My kids don’t eat much of what I cook either, Sarah, but I also feel the exposure is important and I talk to them about what I am preparing or eat ing as I do it. I think they’re interested, if sometimes too timid to try! There’s a lot of wisdom in what you’ve written.
At our house, family dinner was sacrosanct. Dad came home every night at 5:30 and dinner was on the table at 5:45. You could set your watch by it. It was my favorite time of the day and we really, REALLY got to know each other well and 30 years later I and my siblings are still very close.
This sounds so much like my family, Beverly. One of my clearest childhood memories is meeting my dad at the back door when he came home from work each evening, that and helping my mom set the table for dinner. I feel quite lucky for this.

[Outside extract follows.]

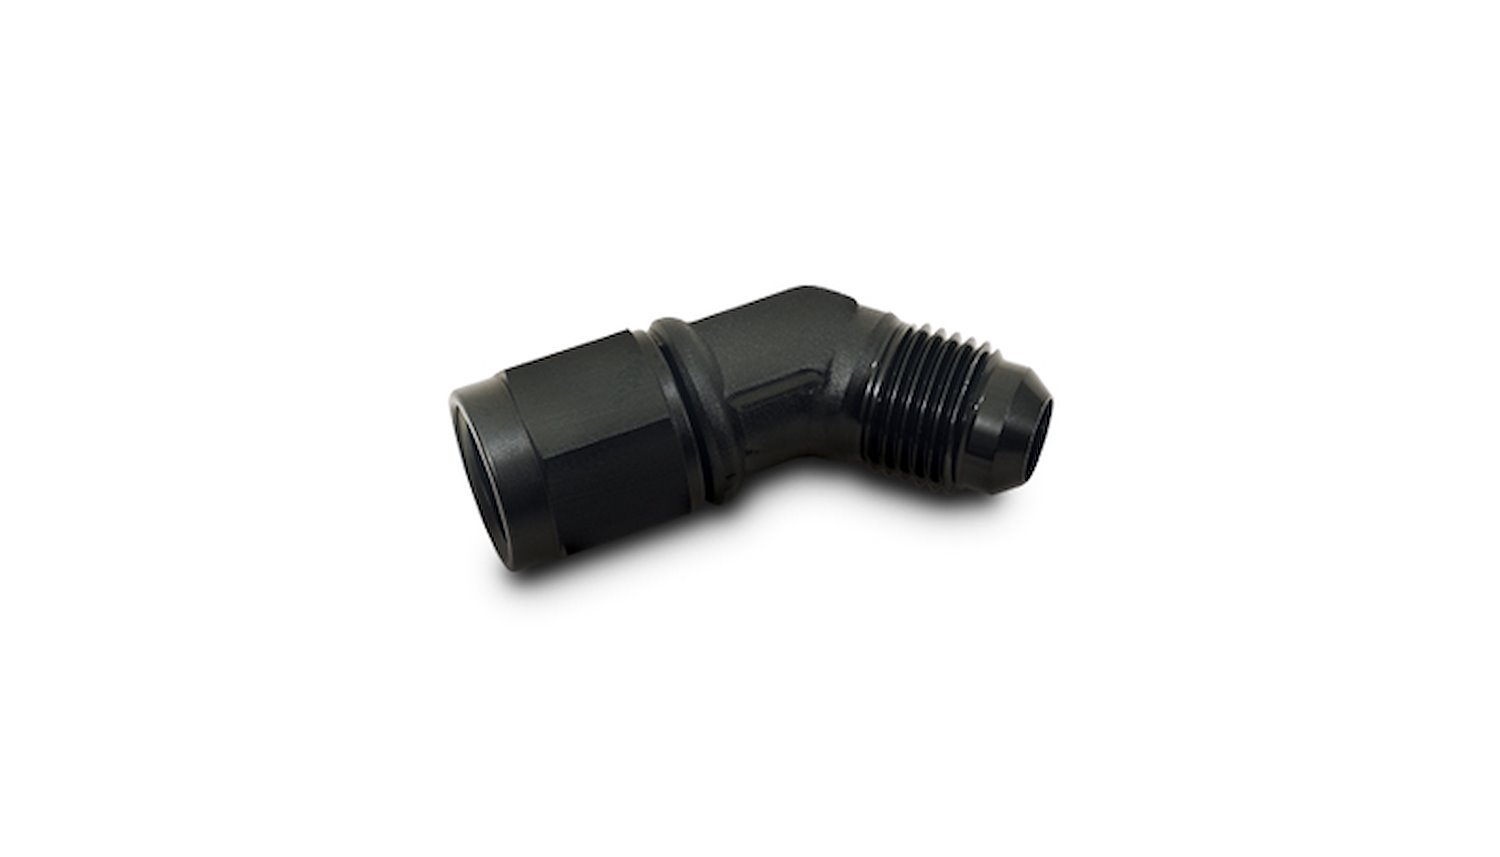 Female to Male Swivel Adapter -4AN X -4AN

We often (always?) had dinner together growing up, which is something i probably didn’t appreciate at the time ;) (but i can say that about alot of foods, too!) i love how the holidays focus on getting extended family together, as I feel that happens less and less these days…

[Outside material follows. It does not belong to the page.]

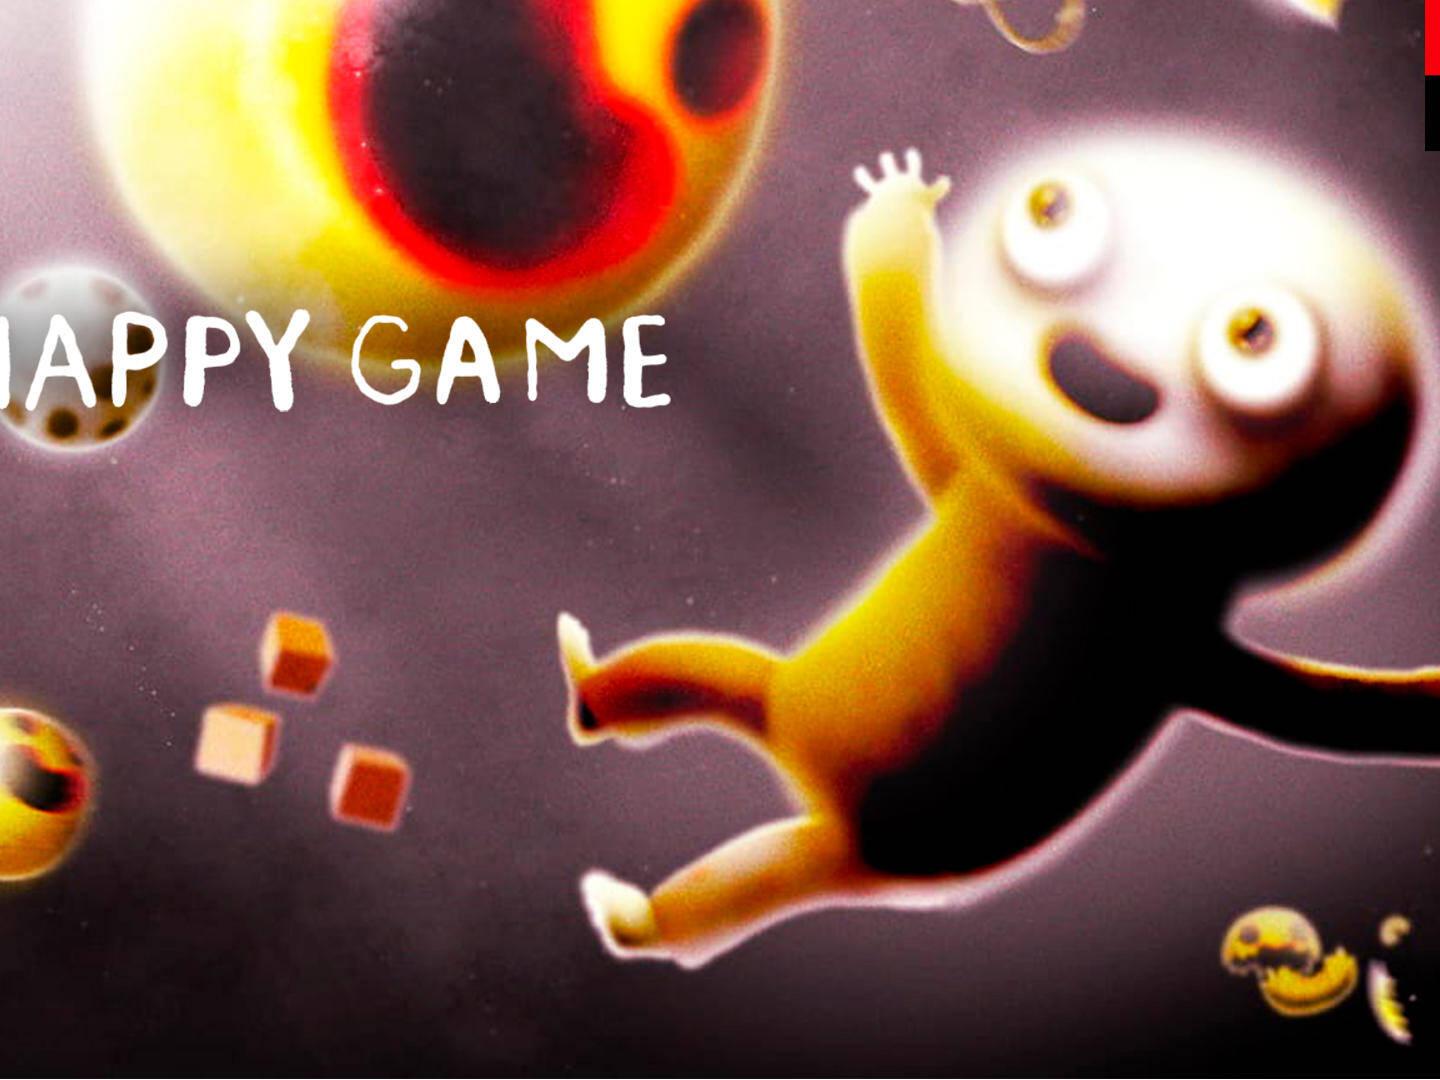 Happy Game on Steam

My Mom raised seven kids. Every Sunday she made a real Sunday dinner and we would sit down, all together, at the table. It was usually a multi-course meal, starting with pasta and ending with fruit, nuts, cookies. As we got a little older, we began helping her with the clean-up, but for many years she was it. I remember the mountain of dishes that sat on the counter waiting to be washed after each one of these feasts; the pans piled-up in the sink; the table, ransacked and abandoned, that needed clearing; the crumbed and spattered floor that needed sweeping. Dad never let her clean-up too soon—he liked to linger, bring out the Liquore di Sambuca, pour another glass of wine. This was before dishwashers were standard in every kitchen (certainly not in ours); when businesses were closed on Sunday (people visited, or read the paper, or drank); and before husbands were equal partners in the household. Our table was elastic—Dad made room for 4, 5, even 6 more chairs, and often there would be an aunt and an uncle and a few cousins in those seats, always family, always a fun time for the kids. And much later, when we had boyfriends, we couldn’t wait to bring them home and have them join in at the table. Even then there was a shimmer of awareness that this was something special—after all, none of our friends lived this way. Maybe because we were Italians in a wasp-y town; maybe because Mom didn’t work, outside the home–it was where we all wanted to be, the family dinner table, every Sunday. How did she do it?